Эти три грузчика стояли за 80% вторжений в этом году • The Register

Aug 04, 2023

Три вредоносных загрузчика — QBot, SocGholish и Raspberry Robin — ответственны за 80 процентов наблюдаемых атак на компьютеры и сети в этом году.

Магазин безопасности ReliaQuest сообщил в пятницу, что главными злодеями, которые должны быть обнаружены и заблокированы средствами ИТ-защиты, являются QBot (также известный как QakBot, QuackBot и Pinkslipbot), наиболее наблюдаемый загрузчик в период с 1 января по 31 июля, ответственный за 30 процентов вторжений. попытки зафиксированы. SocGholish занял второе место с 27 процентами, а Raspberry Robin — с 23 процентами. Остальные семь загрузчиков в линейке сильно отстают от тройки лидеров: Gootloader с 3 процентами, а также Guloader, Chromeloader и Ursnif с 2 процентами.

Как следует из названия, загрузчики представляют собой промежуточную стадию заражения вредоносным ПО. Загрузчик запускается на компьютере жертвы, например, злоумышленником, использующим какую-либо уязвимость или просто отправляющим электронное письмо с вредоносным вложением для открытия. Когда загрузчик запущен, он обычно закрепляется в системе, предпринимая шаги для поддержания устойчивости, и извлекает для выполнения основную полезную нагрузку вредоносного ПО, которая может быть программой-вымогателем, бэкдором или чем-то в этом роде.

Это дает командам некоторую гибкость после вторжения, а также помогает скрыть возможное вредоносное программное обеспечение, развернутое на машине.
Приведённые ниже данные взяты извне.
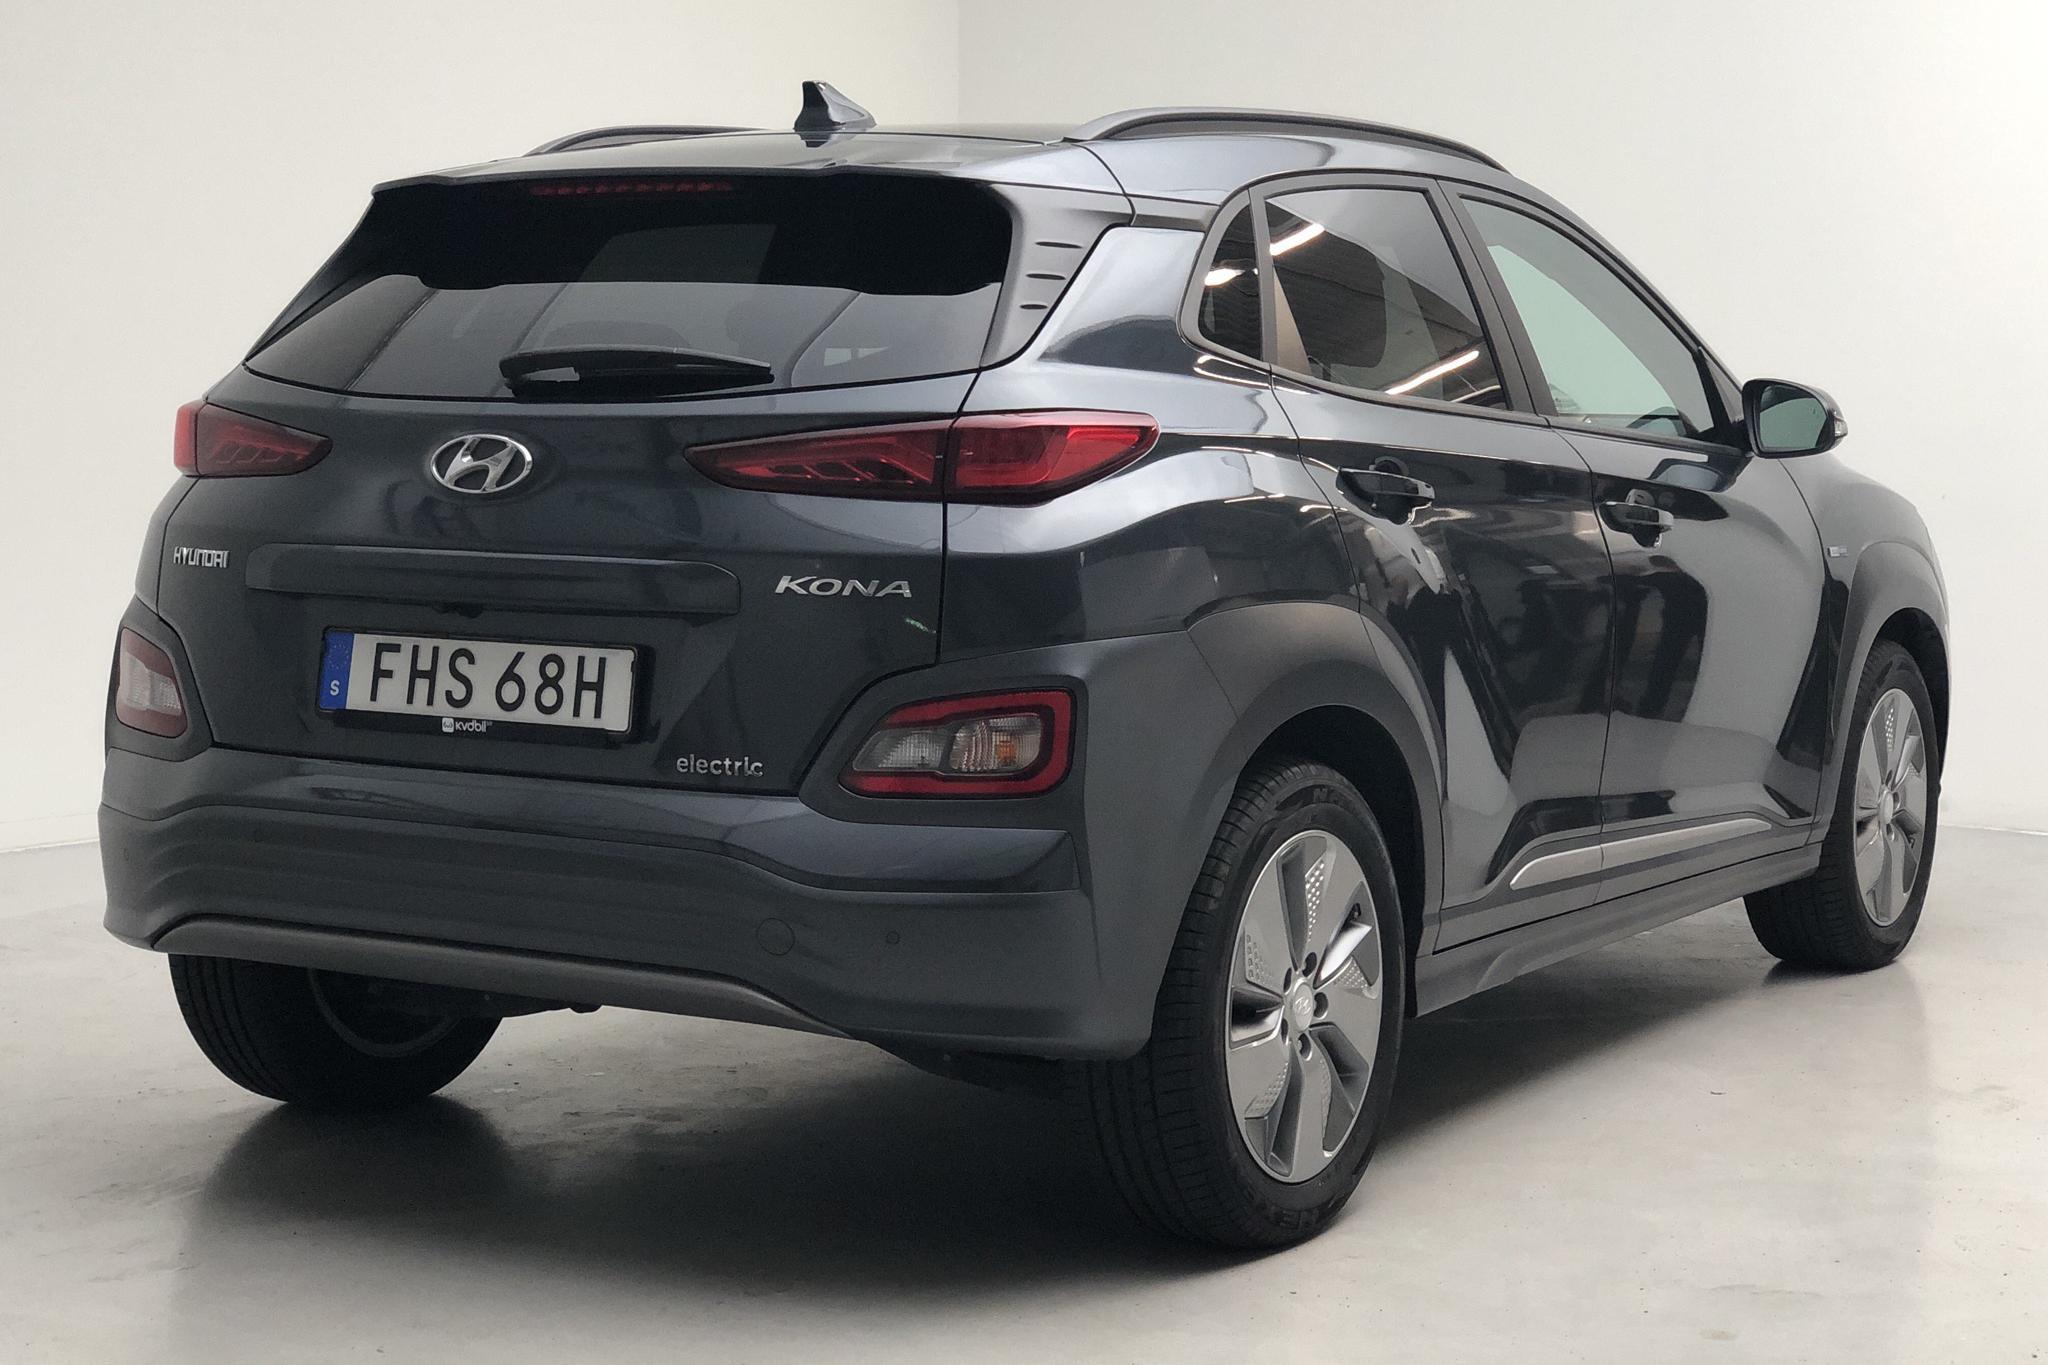 Hyundai Kona Electric Long Range 64kWh (204hk) - 4 419 mil - Automat - 2019

Возможность обнаружить и остановить загрузчик может остановить серьезное заражение вредоносным ПО в вашей организации.

Однако эти загрузчики вызывают мигрень у специалистов по безопасности, поскольку, как отмечает ReliaQuest, «защита одного загрузчика может не сработать для другого, даже если он загружает одно и то же вредоносное ПО».

Согласно анализу, QBot, который ReliaQuest называет «самым гибким», представляет собой банковский троян 16-летней давности, который с тех пор эволюционировал для доставки программ-вымогателей, кражи конфиденциальных данных, обеспечения горизонтального перемещения по средам организаций и удаленного развертывания кода. исполнительное программное обеспечение.

В июне группа по анализу угроз Black Lotus Labs компании Lumen обнаружила, что загрузчик использует новые методы доставки вредоносного ПО и инфраструктуру управления и контроля, причем четверть из них были активны всего один день. По мнению исследователей безопасности, такая эволюция, вероятно, стала ответом на прошлогодний шаг Microsoft по блокировке макросов из Интернета для пользователей Office по умолчанию.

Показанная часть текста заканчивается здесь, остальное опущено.